If you’re still in the planning stage and haven’t committed budget yet, it’s worth pressure-testing the whole spend first — our breakdown of what it really costs to create an online course in 2026 puts platform fees in context with everything else.
The takeaway
Kajabi and Skool aren’t really competing for the same creator — they just look like they are. Kajabi is the right call when the course or product is the asset and you need a full marketing engine behind it. Skool is the right call when the community is the asset and engagement is the metric that pays your bills. Run your own revenue and traffic numbers through the four questions above before you commit, because switching later means rebuilding your home and moving your members.
Want more honest creator-economics breakdowns like this one? Bookmark OnlineClassesClub and check back each week for new platform comparisons and course-creator playbooks.
Frequently asked questions
Is Skool cheaper than Kajabi in 2026?
For most creators, yes. Skool’s Pro plan is $99/month with a 2.9% + $0.30 transaction fee, while Kajabi starts at $69/month (legacy Kickstarter) or $149/month for Basic with 0% transaction fees. Below roughly $7,000–$8,000 in monthly sales, Skool is usually cheaper all-in despite its fee; above that, Kajabi’s zero-fee model becomes more competitive.
Can Skool replace Kajabi for selling courses?
Only partly. Skool hosts unlimited courses and a community, but it has no native email marketing, funnel builder, or website. If you rely on the platform to run your marketing and host your site, Kajabi is hard to replace. If you drive traffic from YouTube, a newsletter, or ads and just need a home to convert and host members, Skool can replace it.

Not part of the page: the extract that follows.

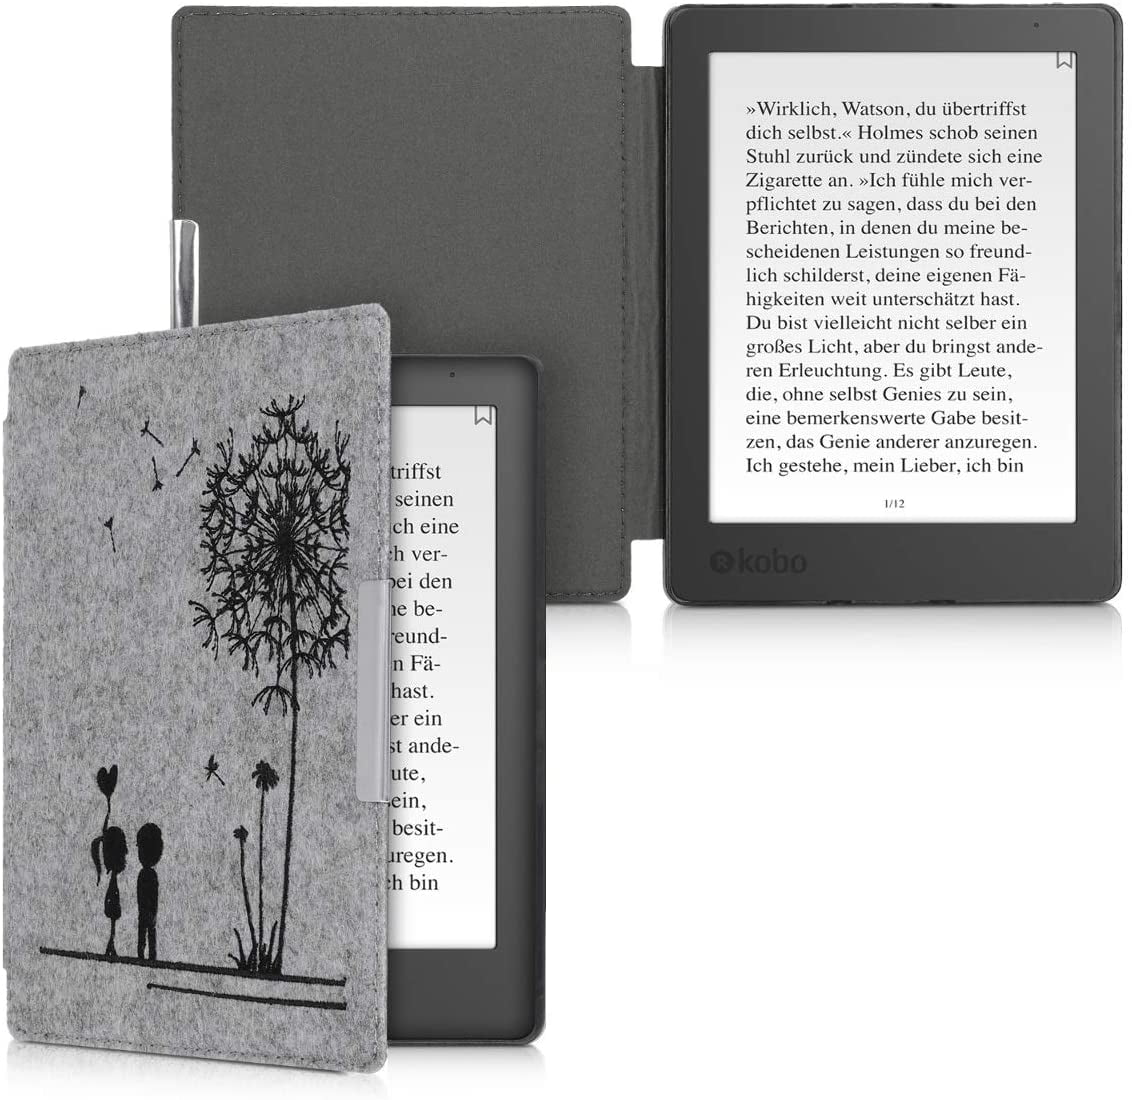 Fabric Dark Grey kwmobile Cover for Kobo Aura H2O Edition 2 Fabric e-Reader Case with Built-In Hand Strap and Stand

Why did creators get upset about Kajabi’s 2026 pricing?
January 2026 was Kajabi’s first major pricing restructure in nearly a decade. Plan prices and tier caps changed, and many long-time users saw higher bills, which prompted real backlash in creator communities and pushed some to shop for cheaper all-in-one alternatives.
Which is better for a coaching or community business?
Skool. Its gamified feed — points, levels, and a leaderboard — is built for engagement and retention, which is what keeps memberships and coaching communities alive. Kajabi is the stronger pick when a structured course or multi-product catalog is the core asset rather than the community itself.